The Post referenced the 2003 decision with Grutter v. Bollinger where the Court decided using race in admissions practices is constitutional but only when being used with intentions of diversifying a student body. However, another petition has been filed to challenge this decision and argue these race-based decisions violate the Constitution.
From The Washington Post:
Edward Blum, president of Students for Fair Admissions, the group that spearheaded both challenges, said polls show that Americans strongly disapprove of race-conscious admissions.
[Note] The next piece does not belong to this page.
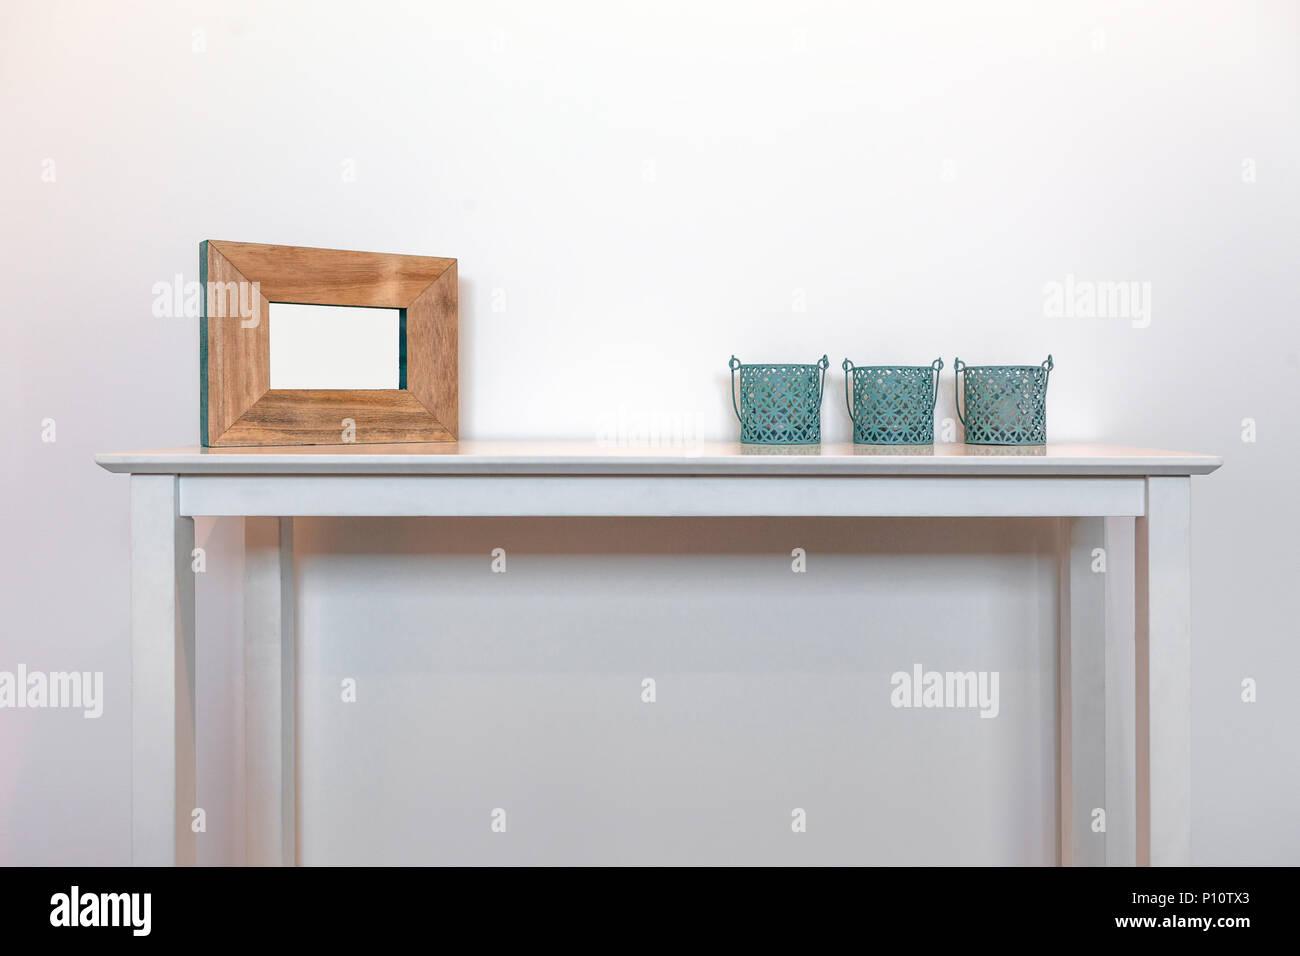 cadre photo vide avec trois supports de bougie décorative sur le

“In a multi-racial, multi-ethnic nation like ours, the college admissions bar cannot be raised for some races and ethnic groups but lowered for others,” Blum said in a statement. “Our nation cannot remedy past discrimination and racial preferences with new discrimination and different racial preferences.”
Blum’s group told the Supreme Court it would be fitting to end the use of racial considerations by overturning policies at “the nation’s oldest private college and . . . at the nation’s oldest public college.”
In its latest decision, the Court upheld in 2016 that the ‘limited use of race’ in applicant evaluations was permitted in a case with the University of Texas. In an opinion written by Justice Anthony M. Kennedy, he emphasized the ruling basically meant that ‘diversity justified some intrusion on the Constitution’s guarantee of equal protection,’ per the Post.
Now, the Court has to make sure race-neutral admission policies can still ensure the school’s diversity. States like California, Michigan and Florida (surprisingly) have already banned the use of race as a consideration for applicants to public universities. Students for Fair Admissions had initially filed a suit against the two schools in 2014 and both schools denied allegations of unlawful bias in the admissions process.
From The Post:
Harvard’s process, Students for Fair Admissions alleged, was stacked against Asian Americans “based on prejudicial and stereotypical assumptions about their qualifications.” The suit also alleged that the university seeks to engineer the demographics of incoming classes to meet predetermined goals through “racial balancing,” that it gives too much weight to race in making admission decisions and that it failed to give adequate consideration to race-neutral alternatives.
In the North Carolina case, the plaintiff contended that the state’s flagship public university discriminated against White and Asian American students. “UNC uses race mechanically to ensure the admission of the vast majority of underrepresented minorities,” Students for Fair Admission alleged.
In the Harvard case, the Post reported U.S. District Judge Allison D. Burroughs was not persuaded that the admission process had a racial bias against Asian Americans. As for the UNC Chapel Hill case, U.S. District Judge Loretta C. Biggs found their admission process constitutional and beneficial to students of color instead of ignoring race all together.
“Race is so interwoven in every aspect of the lived experience of minority students. To ignore it, reduce its importance and measure it only by statistical models as [Students for Fair Admissions] has done, misses important context,” Biggs wrote via the Post.
If the Court decides to prohibit the use of race in college admissions all together, it will certainly send a ripple across all universities and higher education. Hopefully, it will ease the anxiety of Black and brown students sending in their applications in the future.